METHOD AND DEVICE FOR CATEGORIZING A STREAM CONTROL TRANSMISSION PROTOCOL (SCTP) RECEIVER TERMINAL AS A MALICIOUS SCTP RECEIVER TERMINAL

摘要

A method and a device are provided for categorizing a Stream Control Transmission Protocol (SCTP) receiver terminal (120) as a malicious SCTP receiver terminal, which generates spoofed optimistic SCTP selective acknowledgement (SACK) packet for exploiting a SCTP transmitter terminal as a flood source for Denial-of-Service attacks. The SCTP receiver terminal (120) generates data enriched SCTP SACK packets (170). Each data enriched SCTP SACK packet comprises a cumulative payload essence of all successfully received data packets (200).
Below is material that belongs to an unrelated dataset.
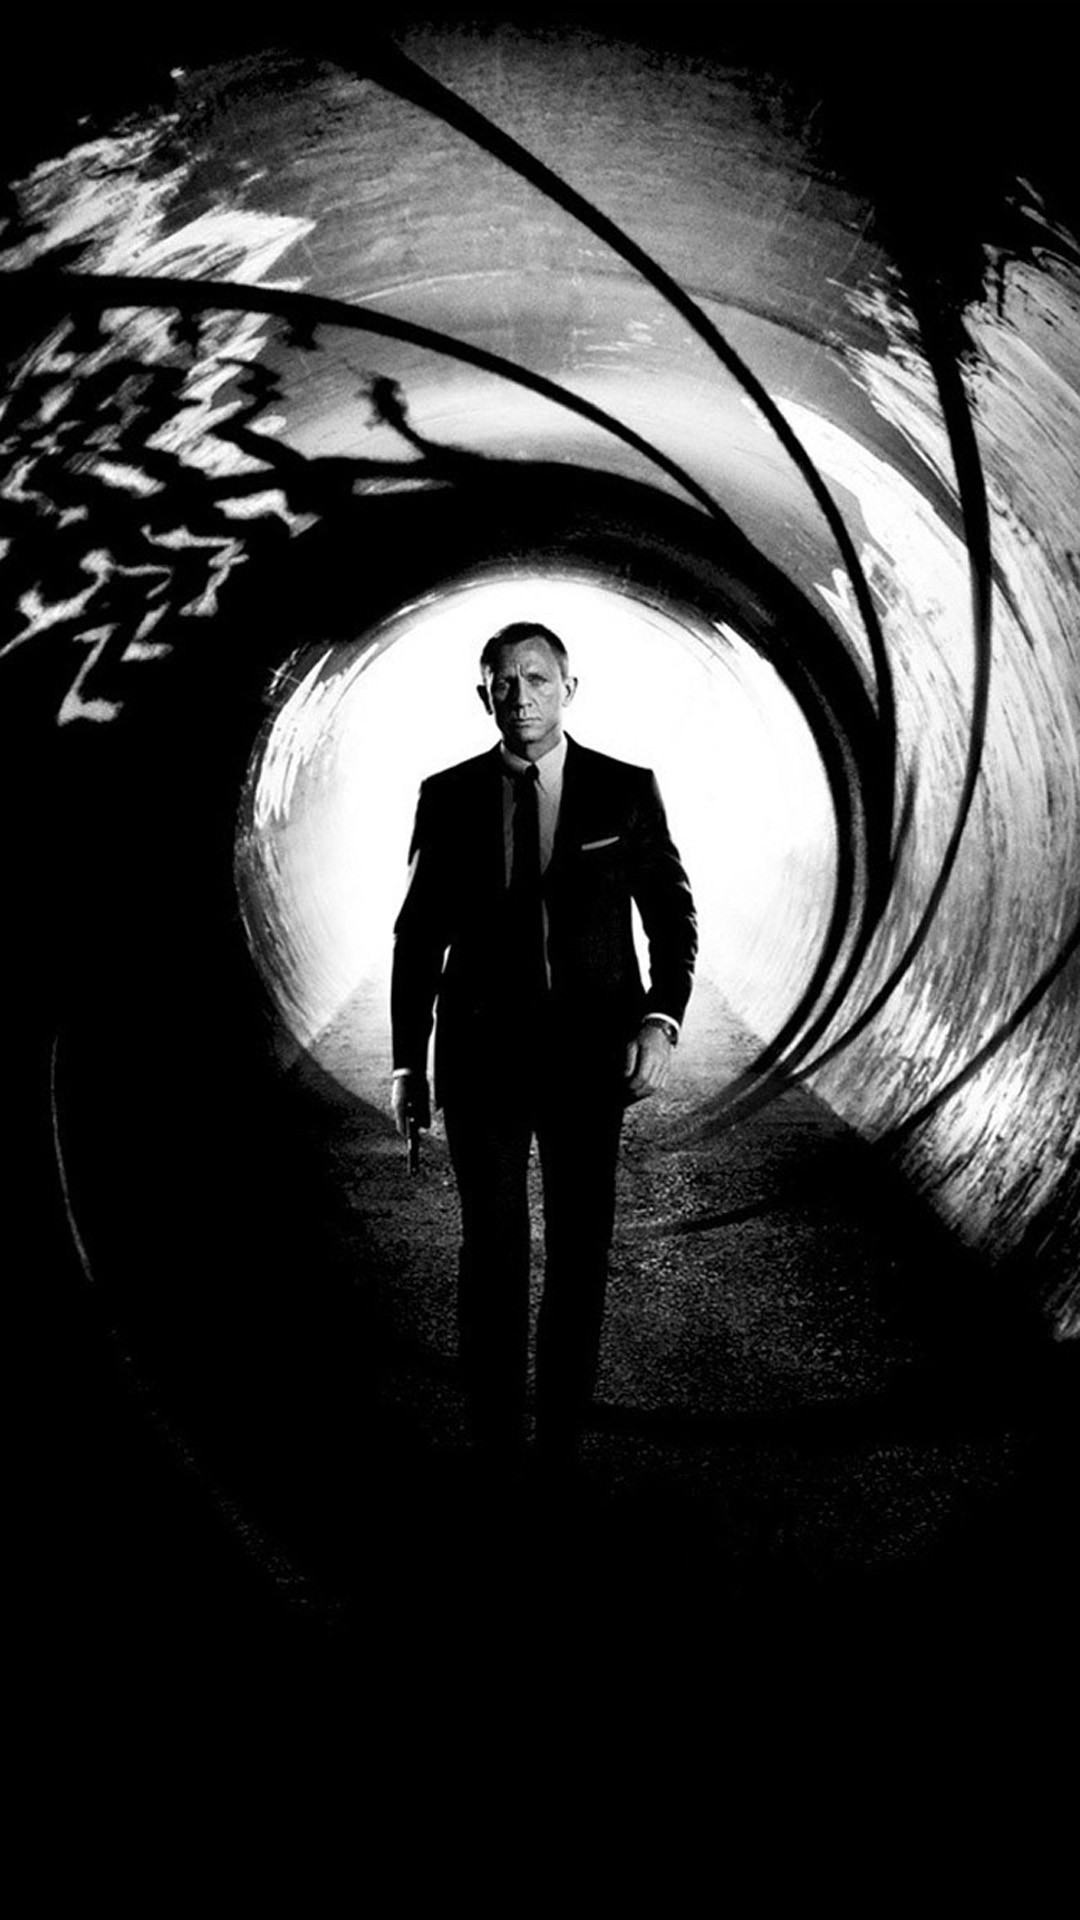 007 iphone wallpaper,photograph,black and white,monochrome photography,darkness,monochrome

The SCTP transmitter terminal (110) performs a data enriched SACK validation in which it computes the cumulative payload essence of all successfully transmitted data packets (200), and compares the computed value with the cumulative payload essence contained in the received data enriched SACK. The SCTP transmitter terminal detects a spoofed optimistic SACK packet if the comparison results in a difference.

主权项

1. A method for categorizing a Stream Control Transmission Protocol (SCTP) receiver terminal as a malicious SCTP receiver terminal generating spoofed optimistic SCTP selective acknowledgement (SACK) packet, comprising:
(a) receiving, by a transceiver of a SCTP receiver terminal, a SCTP data packet containing a data chunk within a SCTP association; (b) generating, by a processor of the SCTP receiver terminal, a data enriched SCTP SACK packet, the data enriched SCTP SACK packet comprising a cumulative payload essence of all data chunks successfully received within the SCTP association; and (c) transmitting, by the transceiver of the SCTP receiver terminal, the data enriched SCTP SACK packet for enabling categorization of the SCTP receiver terminal as a malicious SCTP receiver terminal.